Known Issues

Overview

This page documents the list of known issues and possible workarounds/solutions.

Latest Ubuntu 22.04 image prevents creating new EBS volumes on AWS

Problem

The latest Ubuntu 22.04 AMI (released on 30th July) prevents creating new EBS volumes on some AWS clusters.

Root Cause

The latest Ubuntu 22.04 AMI have IMDSv2 (the AWS instance metadata API) enabled as a default, while the previous Ubuntu AMIs allowed both IMDS v2 and v1. By default, the limit of hops of PUT requests to metadata service is 2. However, the default settings provided by AWS are not compatible with the containerized environments (i.e. Kubernetes) since the instance metadata service is not reachable from the container network in case if further hops are required. At this time, it appears that only Cilium clusters are affected, and only if the CSI components are running on nodes that are using the latest Ubuntu AMI.

Solution

A new machine-controller (MC) version (v1.58.6) has been released that can be configured into KubermaticConfiguration:

apiVersion: kubermatic.k8c.io/v1
kind: KubermaticConfiguration
metadata:
  name: kubermatic
  namespace: kubermatic
spec:
  userCluster:
    machineController:
      imageTag: v1.58.6
[...]

The updated MC version will be included in the next patch release (2.24.12).

Recent Ubuntu 22.04 Image Fails to Bootstrap on Azure

Problem

When using a recent (beginning of May 2024) Ubuntu 22.04 image provided by Azure, user cluster nodes provisioned by machine-controller and operating-system-manager fail to bootstrap and never join the cluster.

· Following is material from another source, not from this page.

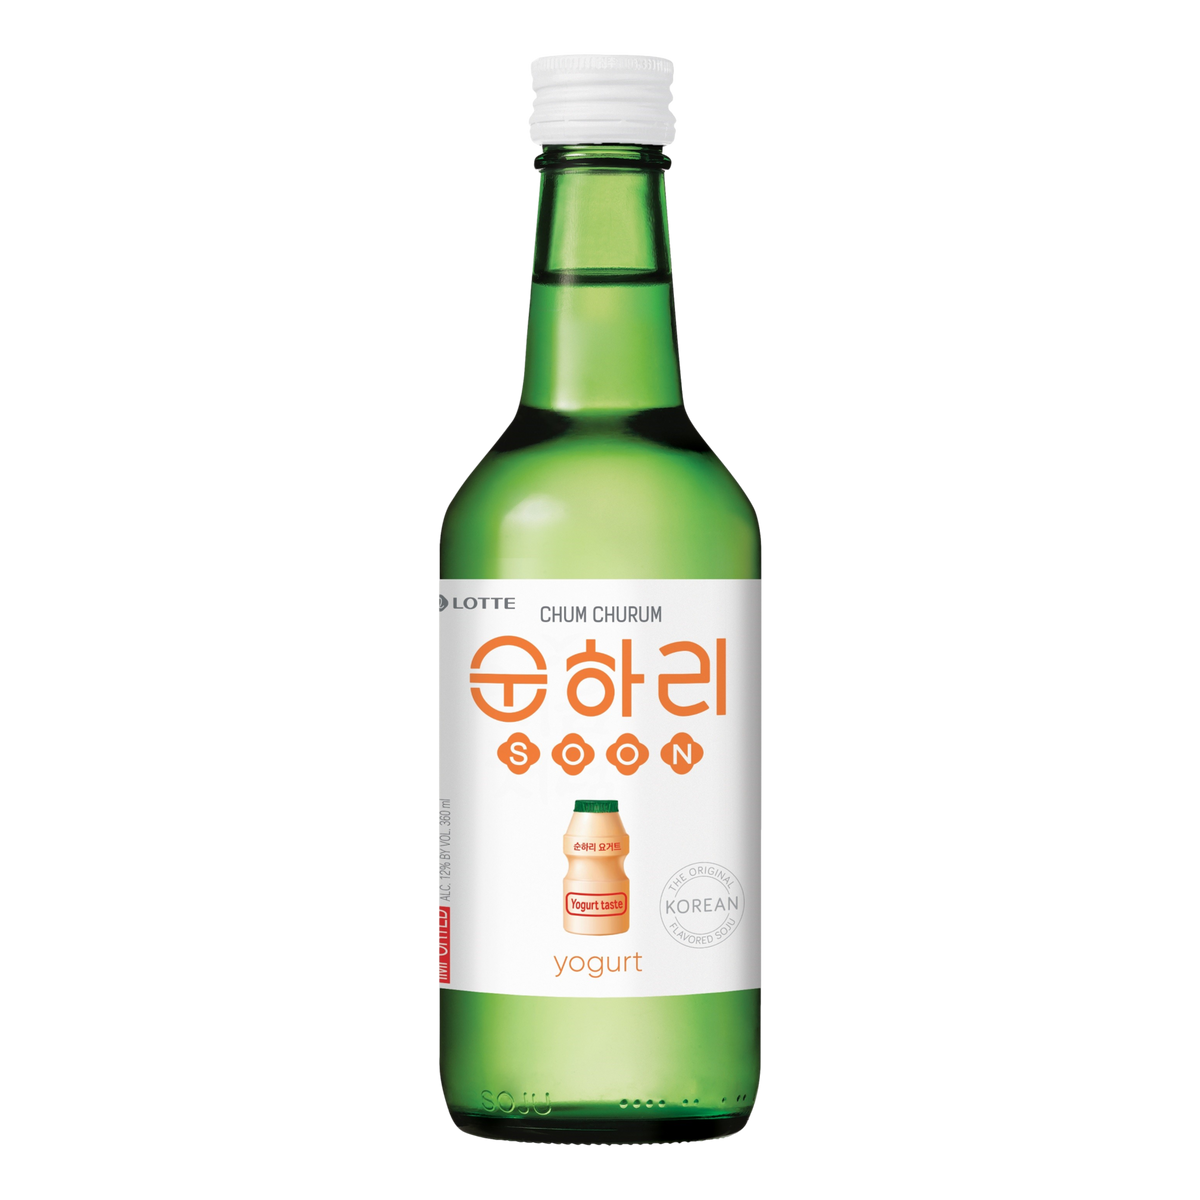 Lotte Chum Churum Soonhari Yogurt Soju 360ml Bottle 4 Pack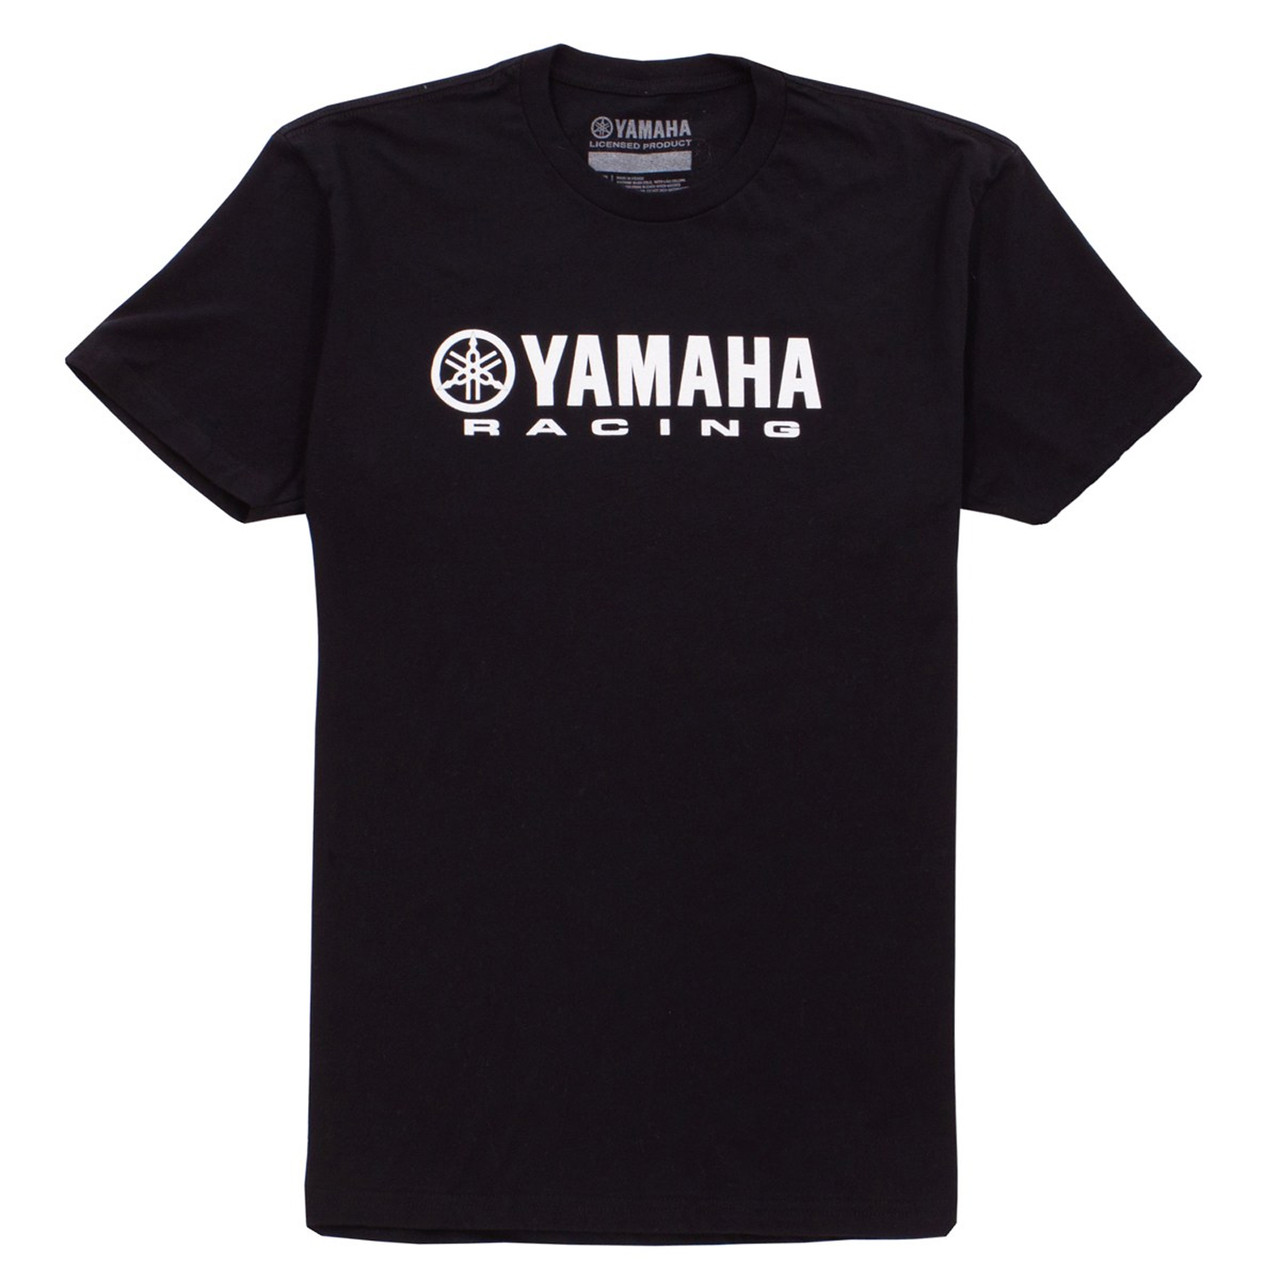 Yamaha New OEM, Branded Men's Racing Classic Short Sleeve Tee, VDF-20TYR-BK-MD

Instead, the bootstrap.service systemd unit is constantly looping.

Root Cause

A recent change to the Ubuntu 22.04 image has modified the configuration for cloud-init and how it accesses its datasource in Azure. cloud-init clean (which is used to prepare the machine for configuration as Kubernetes node) removes files crucial to this new way of communicating with the datasource and requires an additional step to recreate the missing configuration files.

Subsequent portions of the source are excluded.